Under the new law, tax write-offs for investments in "good causes," such as ship building and the media, have all but disappeared, but for wind projects they have not been removed, only reduced, says Jörg Bold of German financing company Bobikiewicz and Partner. "This means that these investors will turn to wind funds," Bold predicts. He fears that such a rush could overheat an already hotly pursued market.

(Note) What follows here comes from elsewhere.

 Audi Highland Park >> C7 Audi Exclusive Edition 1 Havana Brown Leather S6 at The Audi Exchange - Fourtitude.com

Generally, wind investments will be affected in four ways, he says. From now on, an investor's earnings must stem largely from power generation rather than from tax savings. Second, a DEM 200,000 cap has been placed on the wind plant losses that can be fully offset against earnings. Beyond the cap, only 50% of wind investment losses can be written-off. Third, special tax write-off rules allowing artificially high accounting losses, applicable only in eastern Germany, have been abolished. Lastly, wind project financing companies will no longer be allowed to actively advertise wind investments as tax write-offs. Existing wind projects that applied for building licence before March 5, 1999, are protected from the changes.

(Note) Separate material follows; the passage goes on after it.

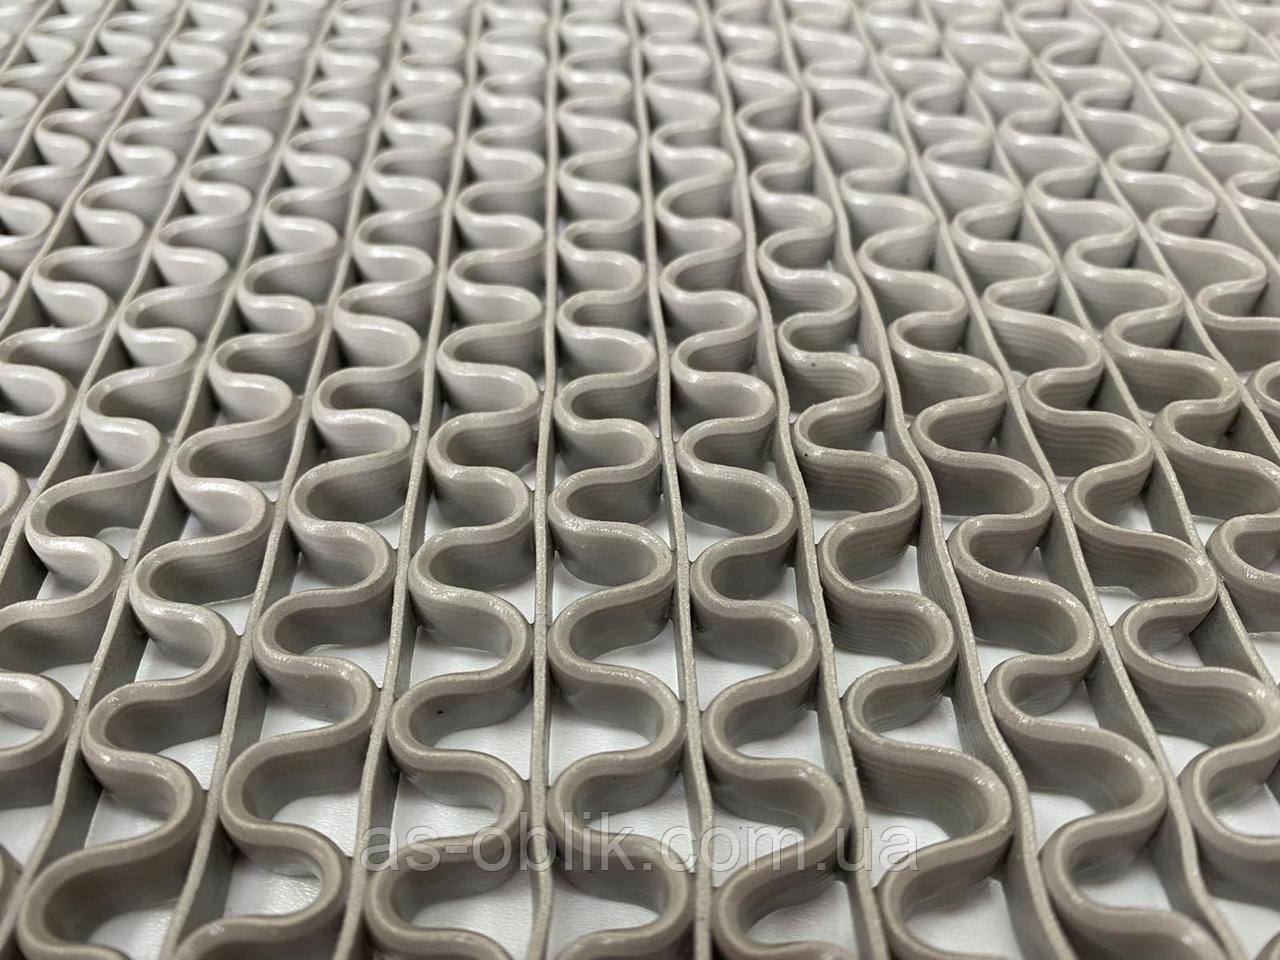 Ковер резиновый 120х46 см, серый

Bold admits that large investors, those, bringing DEM 200,000 or more into a wind project fund, are likely to lose interest. Individuals who buy wind turbines outright will not be hit by the limit -- and this loophole could raise legal problems, Bold says. Neither will small and medium sized investments, such as those that on average invest DEM 45,000 in Bobikiewicz' projects, be affected.

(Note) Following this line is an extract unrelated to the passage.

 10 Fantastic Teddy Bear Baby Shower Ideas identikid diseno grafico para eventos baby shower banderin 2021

Bianca Frischer from Energikontor, a wind energy planning and financing company based in Bremen, echoes Bold's views, stressing that not much will change initially. "We have smaller investors for whom the write-off limit will hardly play a role," she says, stressing that Energikontor was never a "tax-loss" company. "At Energiekontor, the possibility of tax write-offs will no longer be placed in the foreground, but our projects continue to be absolutely economic."
From 2001, however, the protection period is over. "Before then, we will consider other financing mechanisms that conform with the new legislation," Frischer notes, adding that the situation for investors will most likely worsen slightly. Losses in the first few years will no longer be written off against earnings from other sources, but rather will be hedged against future profits in the life of the plant. The tax-free dividends will be postponed, which is perhaps a small disadvantage to investors, she says.